Green Is Blues is the second studio album by American singer and songwriter Al Green, released by Hi in April of 1969. Green Is Blues, released two days after Green's 23rd birthday, is considered his breakthrough album by critics and fans alike after the lukewarm reception of his debut Back Up Train (1967). Green Is Blues marks the first collaboration of Green and musician Willie Mitchell, who also serves as the album's main producer, a collaboration that lasted both of the careers of Green and Mitchell.
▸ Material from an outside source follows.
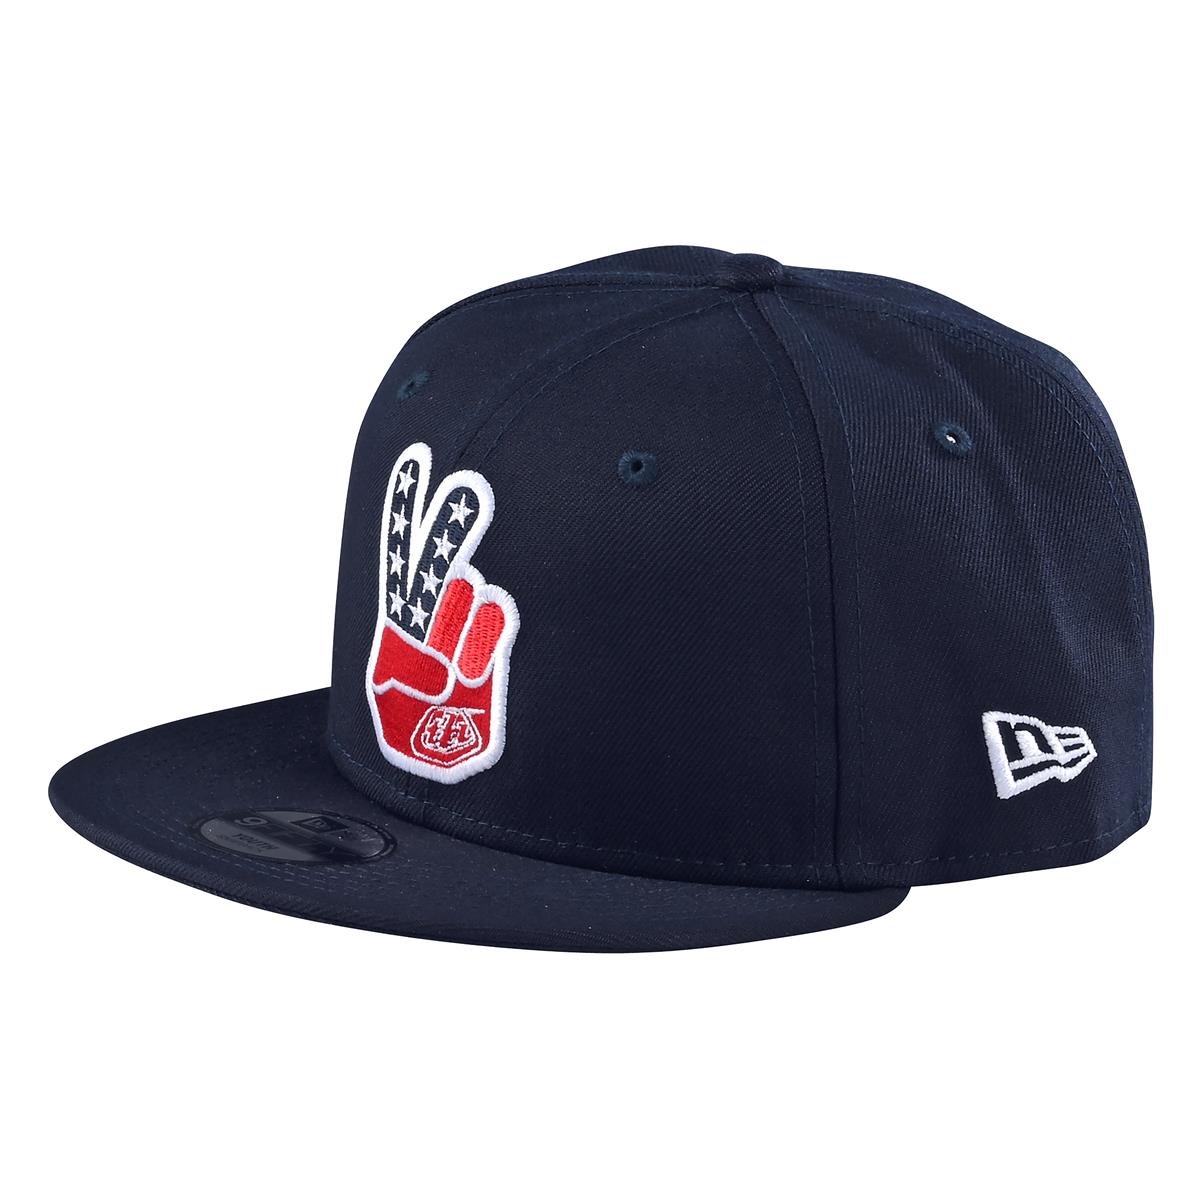 Troy Lee Designs Casquette Snap Back Peace Sign Navy

The co-founder and President of Hi Records, Joe Cuoghi, acted as the recording supervisor. He died of a heart attack in July 1970. 

Upon the album's '40th Anniversary' re-release as a digital deluxe package in July 2009, noted soul writer Pete Lewis of the award-winning 'Blues & Soul' stated: "Significant for matching for the first time Green's soulful refined vocal brilliance with the skilful production of co-writer/producer Willie Mitchell and the tight arrangements of Memphis' renowned Hi Rhythm Section, the album ushered in a new era for "The Memphis Sound" – effectively kick-starting a studio partnership between Green and Mitchell that would see Al go on to become the premier soul superstar of the early Seventies – and arguably the last great Southern soul singer, period."

Track listing
 "One Woman" (Charles Chalmers, Sandra Rhodes) – 3:05
 "Talk to Me" (Joe Seneca) – 2:06
 "My Girl" (Smokey Robinson, Ronald White) – 2:55
 "The Letter" (Wayne Carson Thompson) – 2:28
 "I Stand Accused" (Jerry Butler, Curtis Mayfield, Billy Butler) – 3:18
 "Gotta Find a New World" (Carl Smith, Marion "Doc" Oliver) – 2:25
 "What Am I Gonna Do with Myself?" (Willie Mitchell, Marshall "Rock" Jones) – 2:27
 "Tomorrow's Dream" (Al Green, Willie Mitchell) – 2:19
 "Get Back Baby" (Al Green) – 2:16
 "Get Back" (John Lennon, Paul McCartney) – 2:22
 "Summertime" (George Gershwin, Ira Gershwin, DuBose Heyward) – 3:08

40th Anniversary Edition
The track listing for 40th anniversary edition, released 2009, includes four additional tracks:
  "I Want to Hold Your Hand" (John Lennon, Paul McCartney) – 2:20
 "Nothing Impossible With Love" (Jimmy Reed) – 2:37
 "Baby, What's Wrong with You" – 3:41
 "Memphis, Tennessee" (Chuck Berry) – 3:15

Later samples
"The Letter"
"L.A. L.A." by Capone-N-Noreaga from the album The War Report
"Long Kiss Goodnight" by The Notorious B.I.G. from the album Life After Death
"Creation & Destruction" by Immortal Technique from the album Revolutionary Vol. 1
"Somma Time Man" by Salt-N-Pepa from the album Very Necessary
"Gotta Find a New World"
"Iron Maiden" by Ghostface Killah from the album Ironman

References

Al Green albums
1969 albums
Hi Records albums
Albums produced by Willie Mitchell (musician)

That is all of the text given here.